Chatbots: The Road Ahead

We have seen substantial development in the field of LLMs and Chatbots in recent years. Every day, it feels like developers and researchers are pushing the boundaries, opening up new possibilities for us to use and interact with Artificial Intelligence. We have seen that building chatbot-based apps and websites has become easier than ever. This enhances the user experience in any business or company. However, we can still feel the difference between talking with a chatbot and a human, thus, researchers are constantly working to make user interaction smoother by making these AI models feel as natural as possible.

Going forward we can expect to find these AI chatbots everywhere, whether it’s for customer support, restaurants, online businesses, real estate, banking, and almost every other field or business there is. In addition, those AI chatbots pave the way to create better-speaking agents. When researchers combine those models with advanced speech algorithms we get a smoother and more natural conversation.

While the future of chatbots seems limitless, there’s a serious side to all this progress which is ethics. We should acknowledge issues like privacy breaches, misinformation spread, or AI biases that might sneak into conversations. However, spreading awareness to the developers and users will make sure these AI chatbots play fair and keep things honest.

Further Reads for Chatbots

If you want to read and understand more about the concepts related to AI models, we recommend you to read the following blogs:

FAQs

Q1. What is LangChain?

A. A framework for building LLM-powered applications, like chatbots, by chaining together different components.

Q2. How do LLMs enhance chatbots?

A. LLMs enable chatbots to understand and generate human-like text, leading to more natural and engaging conversations.

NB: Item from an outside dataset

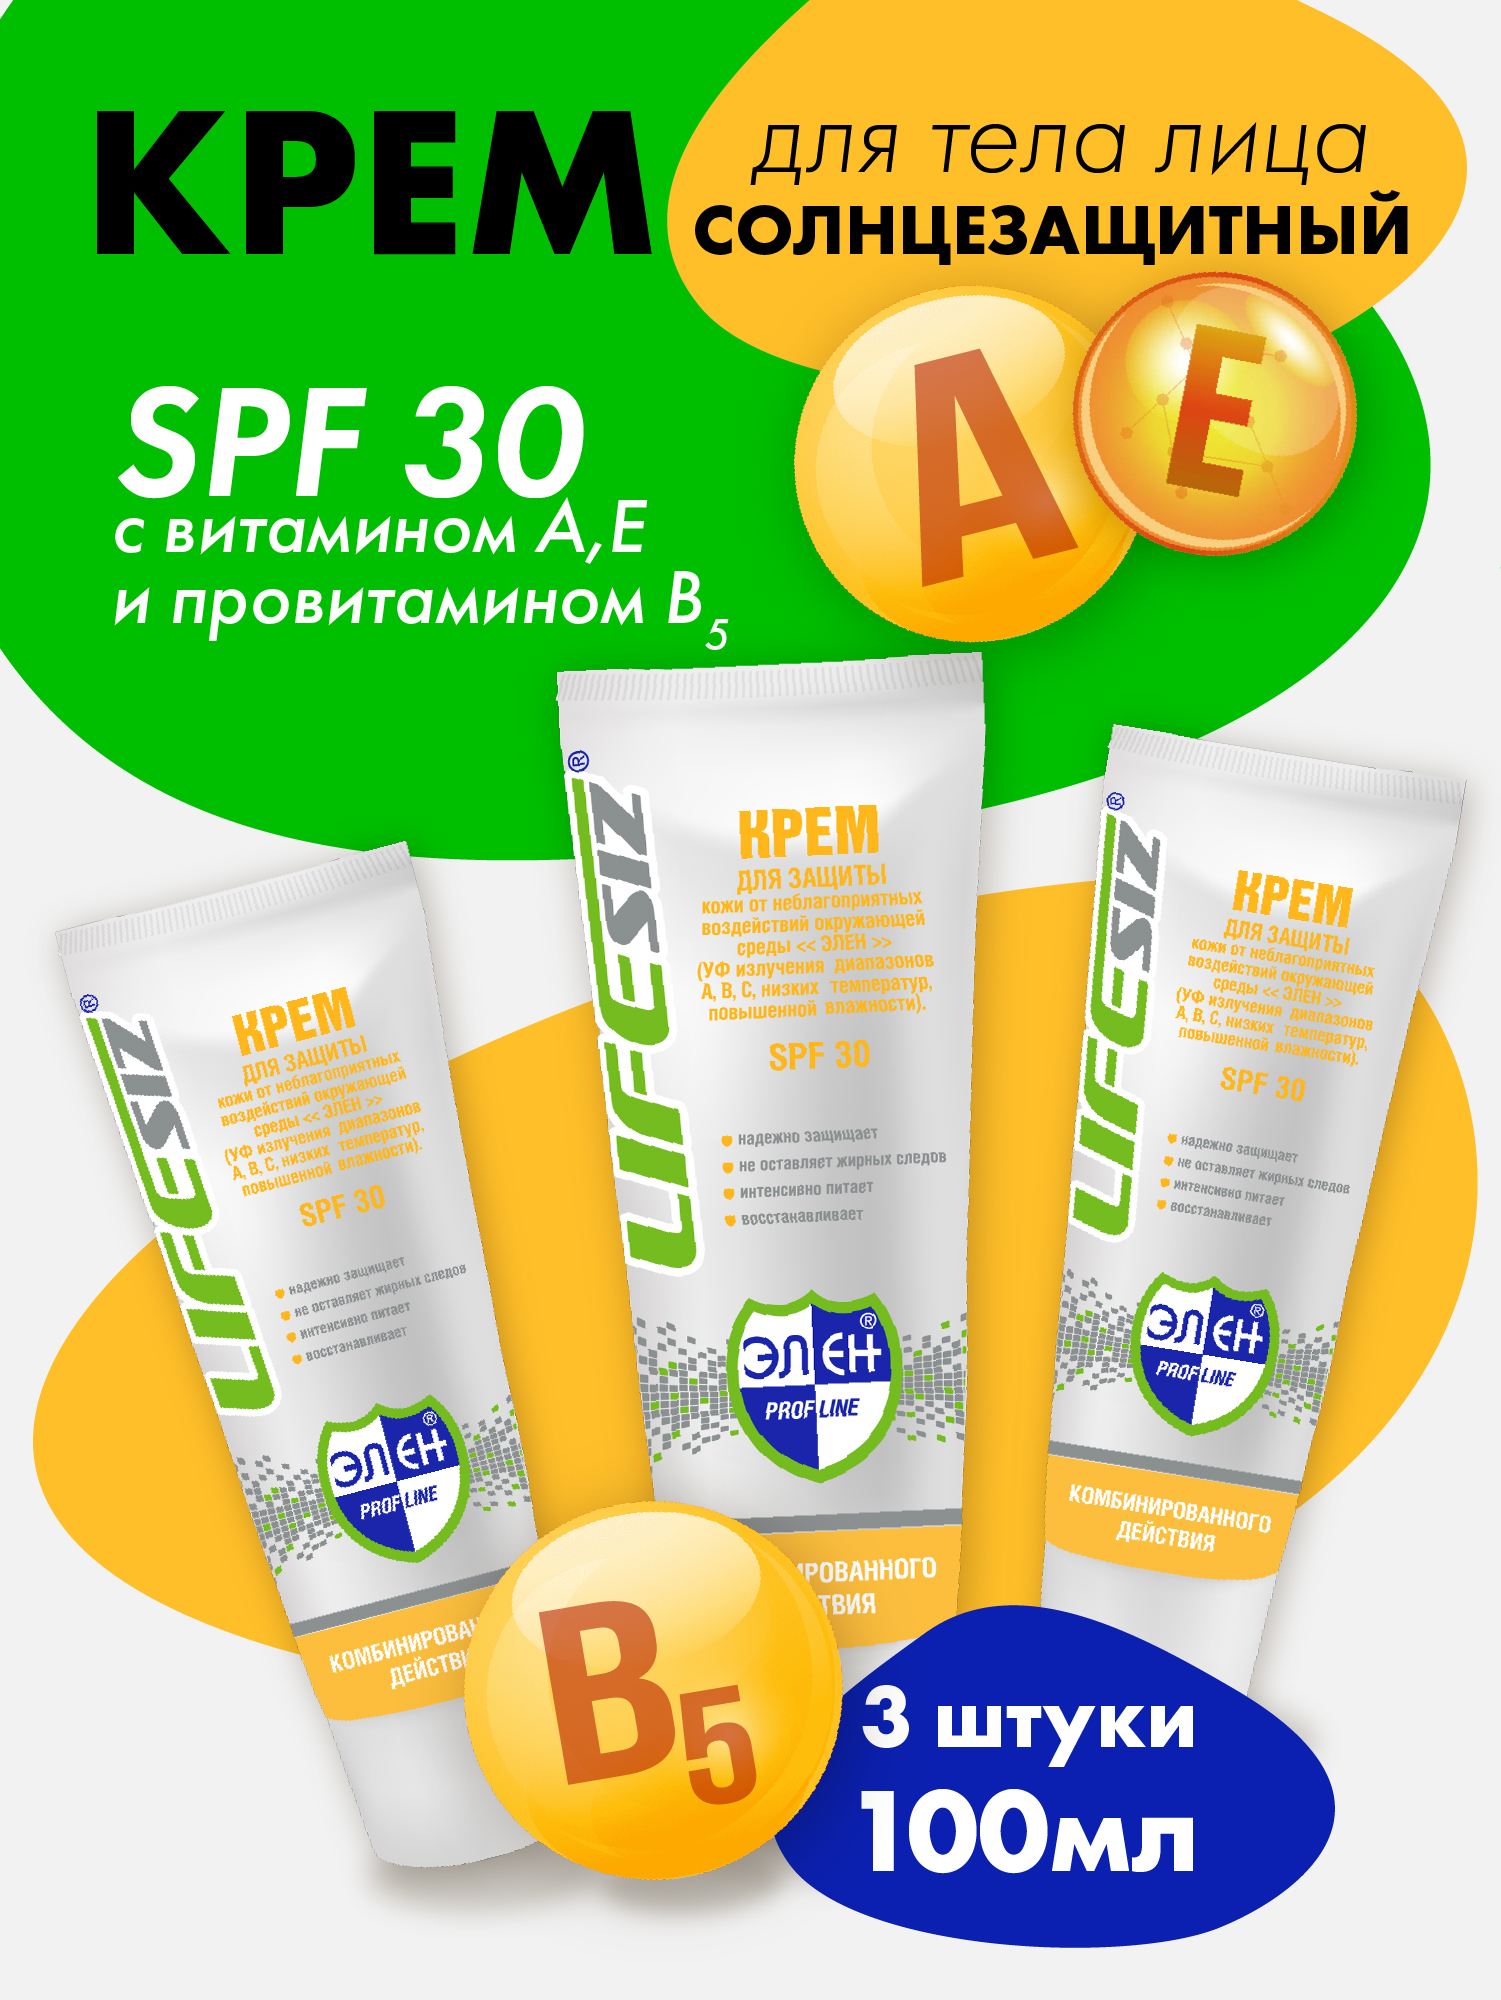 Крем защитный от солнца SPF 30 LifeSIZ Элен, от ветра и мороза 100 мл. 3 шт. защитный крем от воздействия загрязнений элен 100 мл 3 шт

Q3. What are the different types of chatbots?

A. The different types of chatbots are:

  • Rule-based (predefined rules)
  • AI-powered (using LLMs)
  • Task-oriented (specific tasks)
  • Conversational (open-ended)
Q4. Why use Langchain to develop chatbots?

A. Langchain offers a modular approach that empowers developers to build more sophisticated chatbot systems by connecting various components and using their preferred LLM. This flexibility is crucial for creating highly customized and interactive chatbot experiences. Additionally, Langchain offers other features that would otherwise be hard to build, like memory, agents, and retrieval.